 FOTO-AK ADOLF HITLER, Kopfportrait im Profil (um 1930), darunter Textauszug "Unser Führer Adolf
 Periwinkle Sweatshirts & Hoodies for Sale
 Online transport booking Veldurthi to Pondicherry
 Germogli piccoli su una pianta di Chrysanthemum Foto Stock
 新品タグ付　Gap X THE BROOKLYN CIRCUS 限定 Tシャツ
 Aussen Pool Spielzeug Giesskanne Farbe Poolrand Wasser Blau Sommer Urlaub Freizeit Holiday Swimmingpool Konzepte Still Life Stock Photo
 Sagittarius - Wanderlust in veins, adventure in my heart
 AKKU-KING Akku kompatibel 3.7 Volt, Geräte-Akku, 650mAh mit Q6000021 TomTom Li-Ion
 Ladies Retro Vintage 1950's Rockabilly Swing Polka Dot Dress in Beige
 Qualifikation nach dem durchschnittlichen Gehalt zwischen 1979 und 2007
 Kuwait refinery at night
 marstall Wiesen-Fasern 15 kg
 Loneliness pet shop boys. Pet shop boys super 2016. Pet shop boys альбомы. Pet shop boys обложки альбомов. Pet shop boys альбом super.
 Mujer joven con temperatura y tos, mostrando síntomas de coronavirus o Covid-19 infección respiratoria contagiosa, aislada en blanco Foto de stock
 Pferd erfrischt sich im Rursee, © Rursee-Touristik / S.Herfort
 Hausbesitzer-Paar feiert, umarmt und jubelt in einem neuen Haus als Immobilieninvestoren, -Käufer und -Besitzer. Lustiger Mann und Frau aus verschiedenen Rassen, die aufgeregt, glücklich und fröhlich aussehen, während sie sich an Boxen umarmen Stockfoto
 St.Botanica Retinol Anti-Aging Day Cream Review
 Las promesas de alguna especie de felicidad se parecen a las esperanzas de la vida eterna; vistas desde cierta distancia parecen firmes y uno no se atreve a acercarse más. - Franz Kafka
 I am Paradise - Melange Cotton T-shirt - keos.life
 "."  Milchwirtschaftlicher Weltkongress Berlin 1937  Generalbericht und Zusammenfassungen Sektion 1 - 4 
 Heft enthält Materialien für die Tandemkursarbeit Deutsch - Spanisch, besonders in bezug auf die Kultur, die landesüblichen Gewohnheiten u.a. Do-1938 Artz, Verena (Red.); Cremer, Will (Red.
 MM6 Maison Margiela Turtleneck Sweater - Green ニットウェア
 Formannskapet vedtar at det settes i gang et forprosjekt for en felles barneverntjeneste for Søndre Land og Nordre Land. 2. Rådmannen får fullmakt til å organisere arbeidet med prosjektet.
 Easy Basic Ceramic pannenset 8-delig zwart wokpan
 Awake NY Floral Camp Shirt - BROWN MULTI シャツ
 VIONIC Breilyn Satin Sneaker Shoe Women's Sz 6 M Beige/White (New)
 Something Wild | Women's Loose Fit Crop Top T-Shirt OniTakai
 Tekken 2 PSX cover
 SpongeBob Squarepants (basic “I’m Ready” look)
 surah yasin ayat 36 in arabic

---*---

--- Work task ---
Give every line of the material again, exactly.

--- Expected answer ---
 FOTO-AK ADOLF HITLER, Kopfportrait im Profil (um 1930), darunter Textauszug "Unser Führer Adolf
 Periwinkle Sweatshirts & Hoodies for Sale
 Online transport booking Veldurthi to Pondicherry
 Germogli piccoli su una pianta di Chrysanthemum Foto Stock
 新品タグ付　Gap X THE BROOKLYN CIRCUS 限定 Tシャツ
 Aussen Pool Spielzeug Giesskanne Farbe Poolrand Wasser Blau Sommer Urlaub Freizeit Holiday Swimmingpool Konzepte Still Life Stock Photo
 Sagittarius - Wanderlust in veins, adventure in my heart
 AKKU-KING Akku kompatibel 3.7 Volt, Geräte-Akku, 650mAh mit Q6000021 TomTom Li-Ion
 Ladies Retro Vintage 1950's Rockabilly Swing Polka Dot Dress in Beige
 Qualifikation nach dem durchschnittlichen Gehalt zwischen 1979 und 2007
 Kuwait refinery at night
 marstall Wiesen-Fasern 15 kg
 Loneliness pet shop boys. Pet shop boys super 2016. Pet shop boys альбомы. Pet shop boys обложки альбомов. Pet shop boys альбом super.
 Mujer joven con temperatura y tos, mostrando síntomas de coronavirus o Covid-19 infección respiratoria contagiosa, aislada en blanco Foto de stock
 Pferd erfrischt sich im Rursee, © Rursee-Touristik / S.Herfort
 Hausbesitzer-Paar feiert, umarmt und jubelt in einem neuen Haus als Immobilieninvestoren, -Käufer und -Besitzer. Lustiger Mann und Frau aus verschiedenen Rassen, die aufgeregt, glücklich und fröhlich aussehen, während sie sich an Boxen umarmen Stockfoto
 St.Botanica Retinol Anti-Aging Day Cream Review
 Las promesas de alguna especie de felicidad se parecen a las esperanzas de la vida eterna; vistas desde cierta distancia parecen firmes y uno no se atreve a acercarse más. - Franz Kafka
 I am Paradise - Melange Cotton T-shirt - keos.life
 "."  Milchwirtschaftlicher Weltkongress Berlin 1937  Generalbericht und Zusammenfassungen Sektion 1 - 4 
 Heft enthält Materialien für die Tandemkursarbeit Deutsch - Spanisch, besonders in bezug auf die Kultur, die landesüblichen Gewohnheiten u.a. Do-1938 Artz, Verena (Red.); Cremer, Will (Red.
 MM6 Maison Margiela Turtleneck Sweater - Green ニットウェア
 Formannskapet vedtar at det settes i gang et forprosjekt for en felles barneverntjeneste for Søndre Land og Nordre Land. 2. Rådmannen får fullmakt til å organisere arbeidet med prosjektet.
 Easy Basic Ceramic pannenset 8-delig zwart wokpan
 Awake NY Floral Camp Shirt - BROWN MULTI シャツ
 VIONIC Breilyn Satin Sneaker Shoe Women's Sz 6 M Beige/White (New)
 Something Wild | Women's Loose Fit Crop Top T-Shirt OniTakai
 Tekken 2 PSX cover
 SpongeBob Squarepants (basic “I’m Ready” look)
 surah yasin ayat 36 in arabic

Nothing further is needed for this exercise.